Surge protectors and backup power supplies are also a good investment. You can never tell when you'll get a power outage and power surges can be even more devastating. Sometimes surges can fry your whole computer, so not only will you loose your unsaved data, your hard drive might be destroyed as well.

Server Software

This is where all of the fun, tears, and gnashing of teeth really beguins. With such a complex array of web-programs, operating systems and Databases, it's sometimes hard to even begin. On top of that, there are compadibility problems, program bugs and security issues as well. However, with a lot of help from books, google and web-forums, you should be able to do anything you want.

Operating systems

First of all, you want to pick a type of operating system (OS). Be sure of the OS you want to use, for each type has a completely different composition. Not only is the software different, but the business agendas and fundamentals vary as well. There are three main server operating systems available:

  • Mac OS X Server
  • Windows Server 2003
  • Linux

Mac OS X Server

Essentially, Apple is a corporate entity, thus they are very proprietary with their software and their users are more dependant on the company. If you want to have the OS X Server, you'll have to lay down a good thousand dollars for the software alone. Even though much of it is open source, you usually have to wait on the company to release bug fixes and updates. Not only is the software omnivorous for hardware resources, the OS will only work on computers built by Apple.

The trade off is that it's UNIX based, very straightforward (as far as server software goes) and has a lot of pre-packaged software. Mac OS comes with almost everything you will need for your server needs. The only things you won't have are third party programs, such as (but not limited to) game servers and internet radio/TV broadcasters. For such programs, you will have to go to the organizations that develop them.

Mac OS X Server is good for business purposes and places where reliability has priority over cost. End users, such as journalists and webpage developers will be faced with a much more user friendly interface. And, if you are willing to pay for the high level tech support, you will have a team of technisians who will help with all your troubleshooting and installation needs.

Windows Server 2003

Microsoft's server operating system also suffers from the same problems as OS X. Since it is a corporate organization, the users have more of a company-client relationship instead of an actual user-based community. However, unlike Apple, they refuse to embrace independant, open source web programs such as postfix and SQL. You can download and run the open source programs, however, Microsoft will offer no help or tech support for them.

In the past, Microsoft placed less focus on security than other operating system vendors, making it natorious for security issues. Instead of creating new solutions for security issues and pooling their resources to develop a more stable system, they often just threw security and stability to the wind as a solution to compadability issues. As a result, they have built a bad reputation. This is something they've worked hard to rectify with their current line of products, however, it is usually met with intense critisism.

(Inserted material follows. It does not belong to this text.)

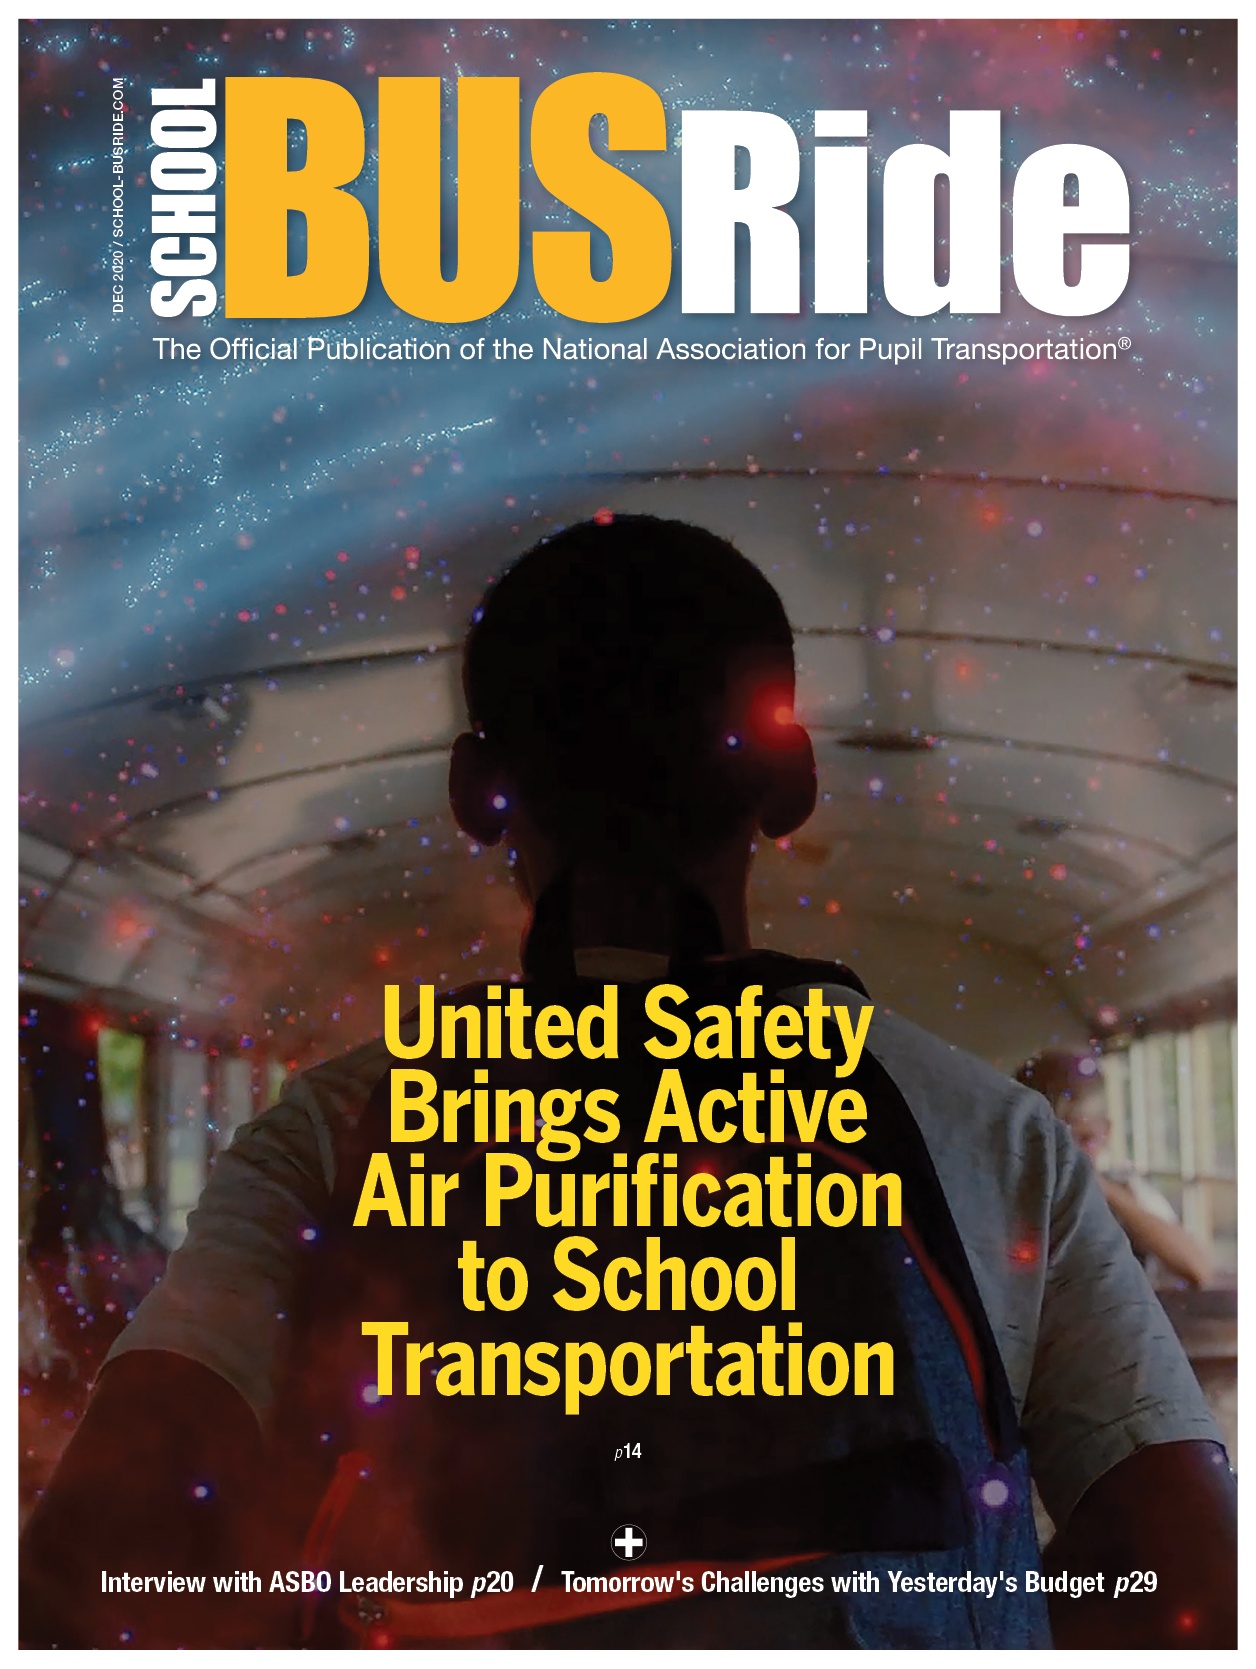 United Safety Brings Active Air Purification to School Transportation

The good news is that you can run Windows server on almost any hardware you want. The software requires a lot of resources, but not as much as the OS X Server. You also have the freedom to do a lot more system adjustments. Even though it is a closed source program, there is no lack of options and it is arguably the most flexible closed source program available. Windows is also a very strong standard. It is the most used operating system, thus, it has a high support from third party software developers.

Server 2003 is for people who need a strong standard and prefer corporate solutions over community-based development. Although costly, it is much more user friendly and GUI orientated. Provided that you use the windows programs for all your networking software, you'll never have to be bothered too much with a command line terminal. All the setup options are redily available and it's usually easy to go back to defaults in case you mess up. It's very ideal for large business and areas where functionality and ease of integration is priority over cost.

Linux

This is, by far, my favorite operating system. Because Linux isn't distributed by a corporate entity, they have no drawbacks that proprietary software suffers from. Their technology grows as fast as people can create it. They also don't have to worry about copyright laws because everything is licenced under the general public licence (GPL). If there is a problem with the software in a paticular distrobution of linux, a user can go right into the source code and create a solution. Users can rebuild and modify anything they want to. What's more is that they can go back to the user-based community and tell everyone about what they've done and how to do it. Thus, a true community develops which can give feedback to the creator as participants, instead of as a powerless individual. As a result, the organization who made the code for linux can give a much better update for their software. Progress and development can be measured in weeks, if not days.

Linux is also very reliable and secure. Since the operating system runs it's programs in shells of their own, the system usually won't be taken down by software that has failed. The system is also extremely malleable and always shows you exactly what is hapening. Unlike windows, you can see every process that happens in startup and shutdown. If you are tech-savy enough, you can cut out system functions you don't need and customize your operating system for highest proformance.

Another advantage to using Linux is it's efficiency. Since anybody can come along and change the source code, the system has come from decades of refinement and community development. Far from the system requirements of Windows and OS X, Linux can run on very little resources. In fact, people often replace Windows with Linux on their old laptops to get more out of their limited resources. Linux can even be put on ipods and PDA's.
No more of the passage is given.